◆ Dataset excerpt ◆
....

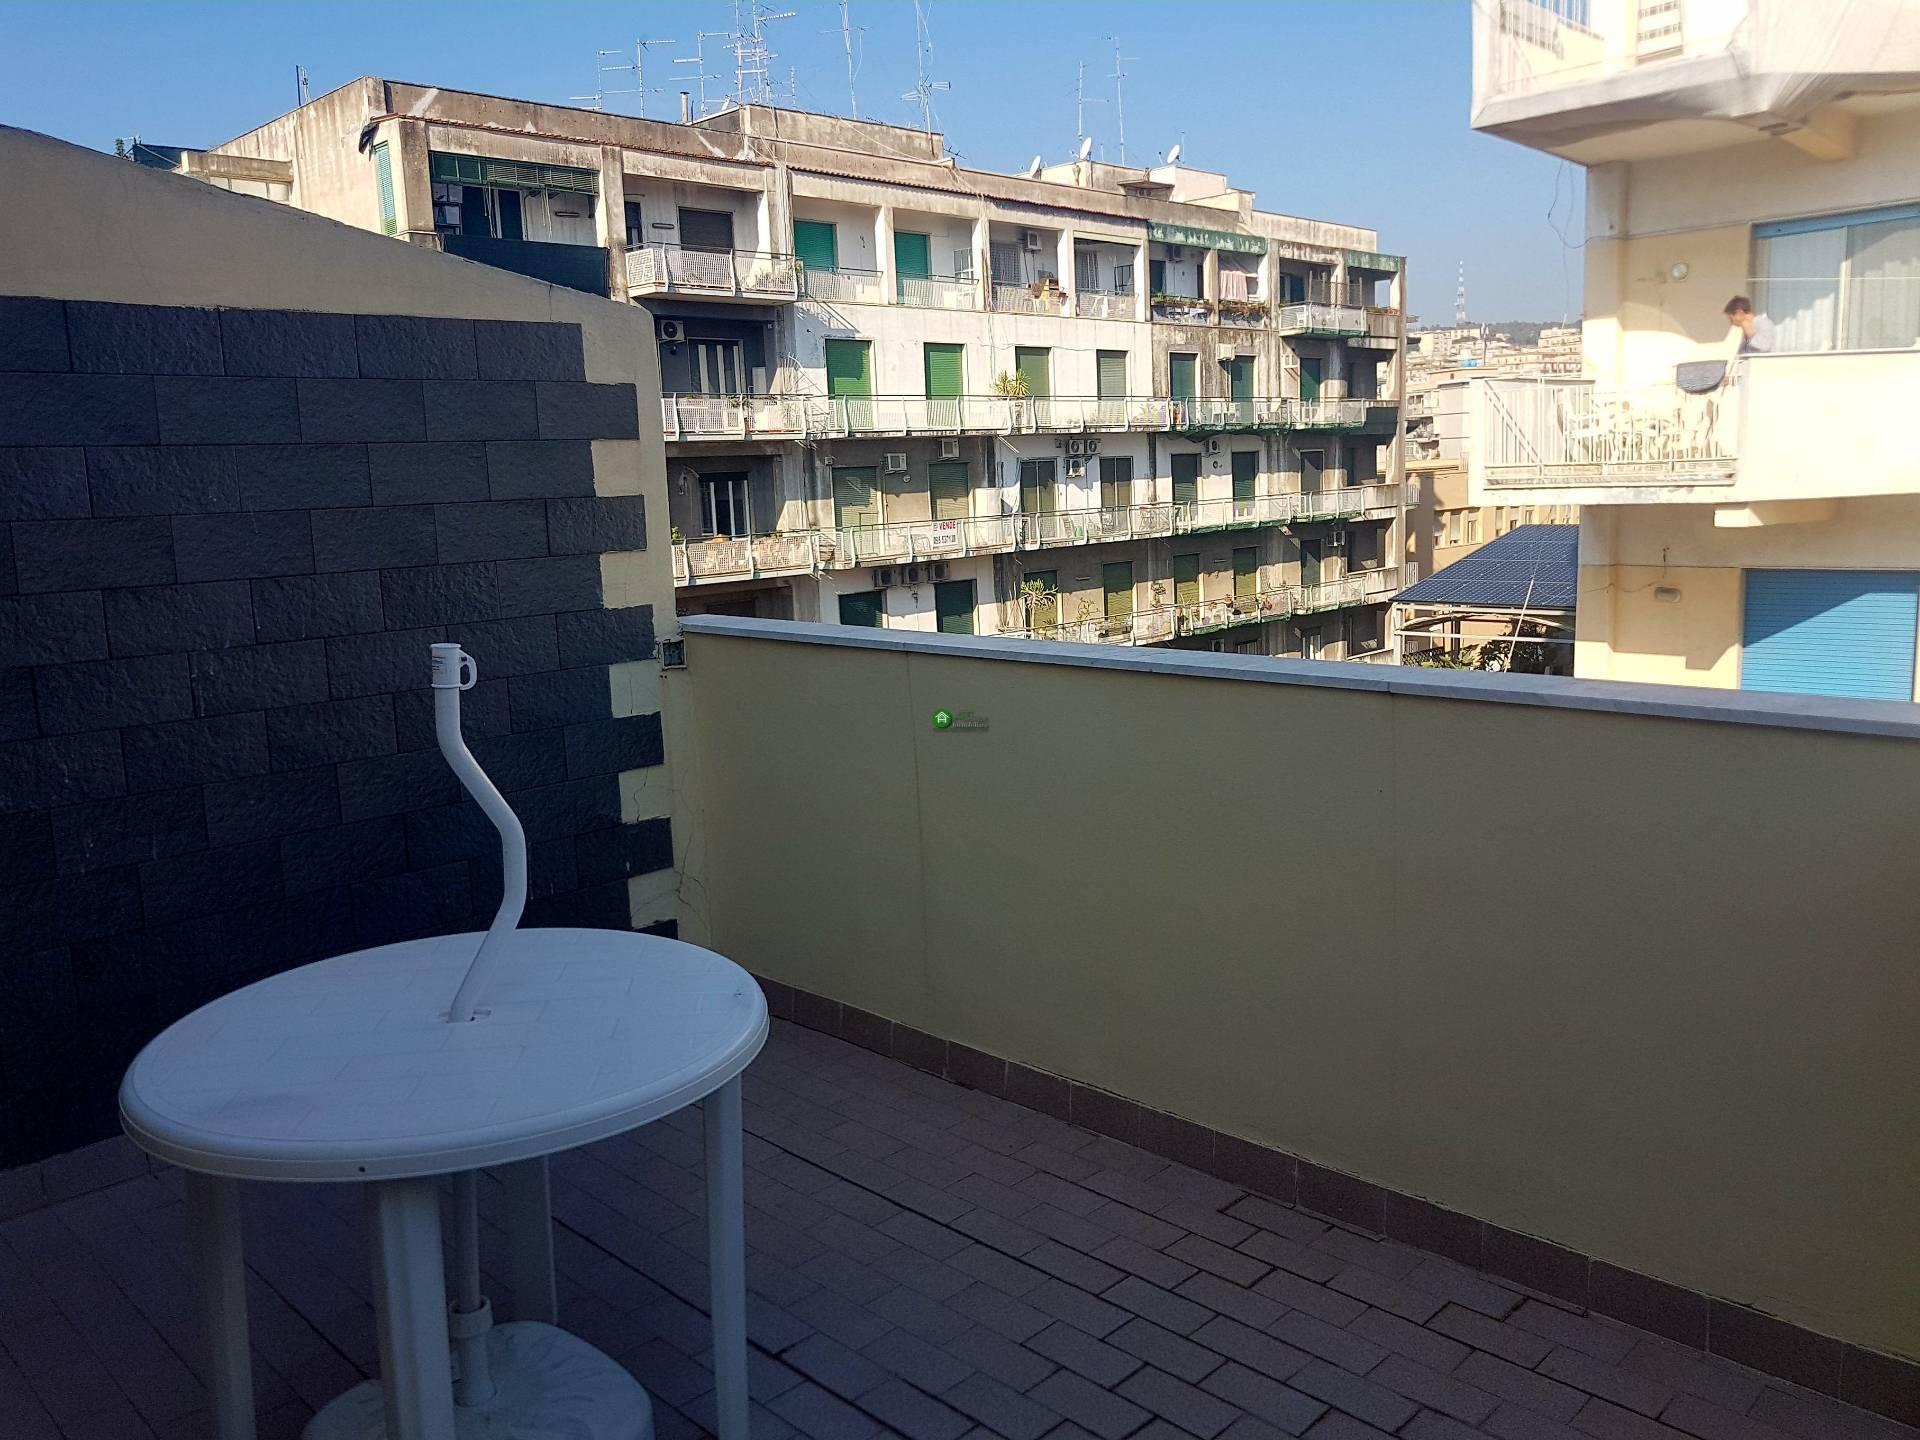 catania affitto quart: zona centro studio-catania-centro-sas-di-corallo-gaetana-&-c
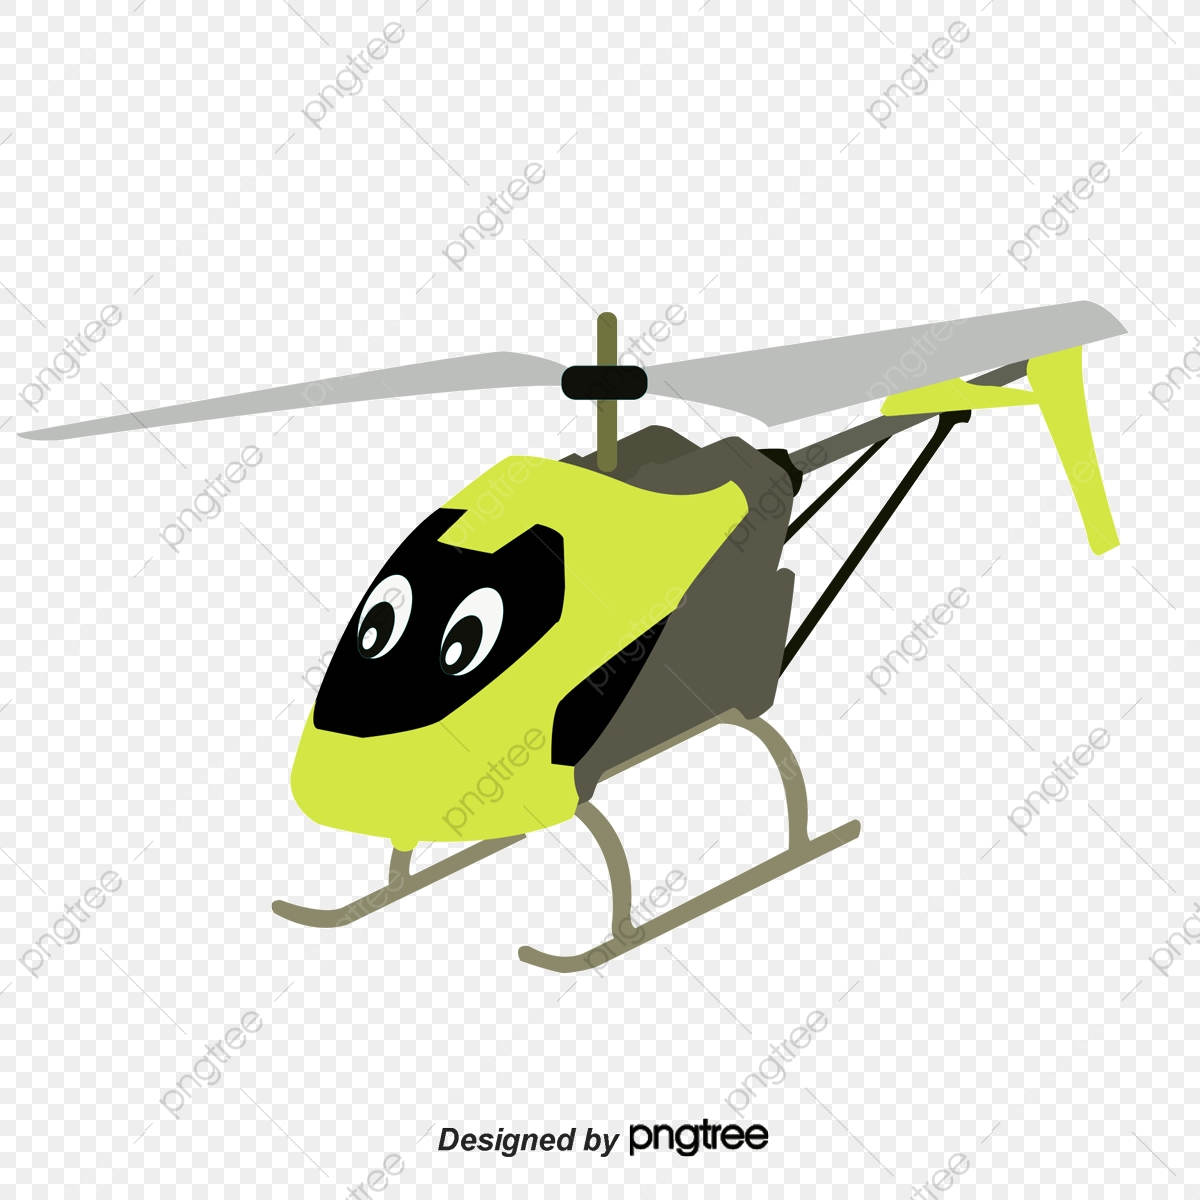 Kartun Helikopter Kartun Helikopter Realistik Fail PNG
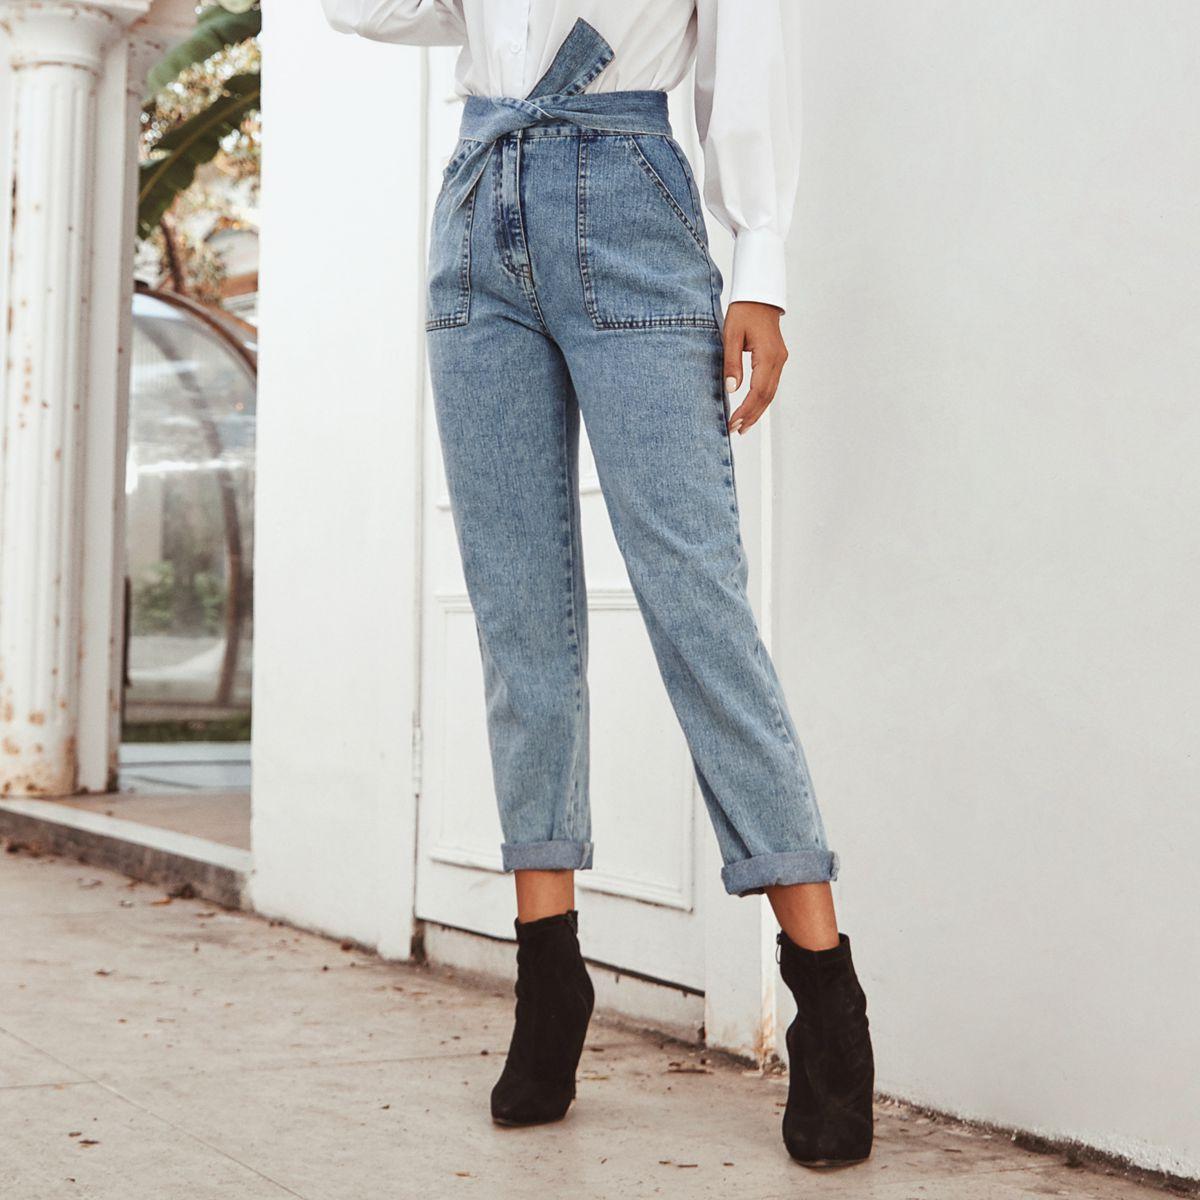 Women Vintage High Waist Jeans Fashion Boyfriends Style Denim Pants

....

◆ Your task ◆
Your reply should give again exactly the lines from the one with "Kartun Helikopter Kartun" through the last line of the data, with both ends included and pictures left out.

◆ Task response ◆
 Kartun Helikopter Kartun Helikopter Realistik Fail PNG
 Women Vintage High Waist Jeans Fashion Boyfriends Style Denim Pants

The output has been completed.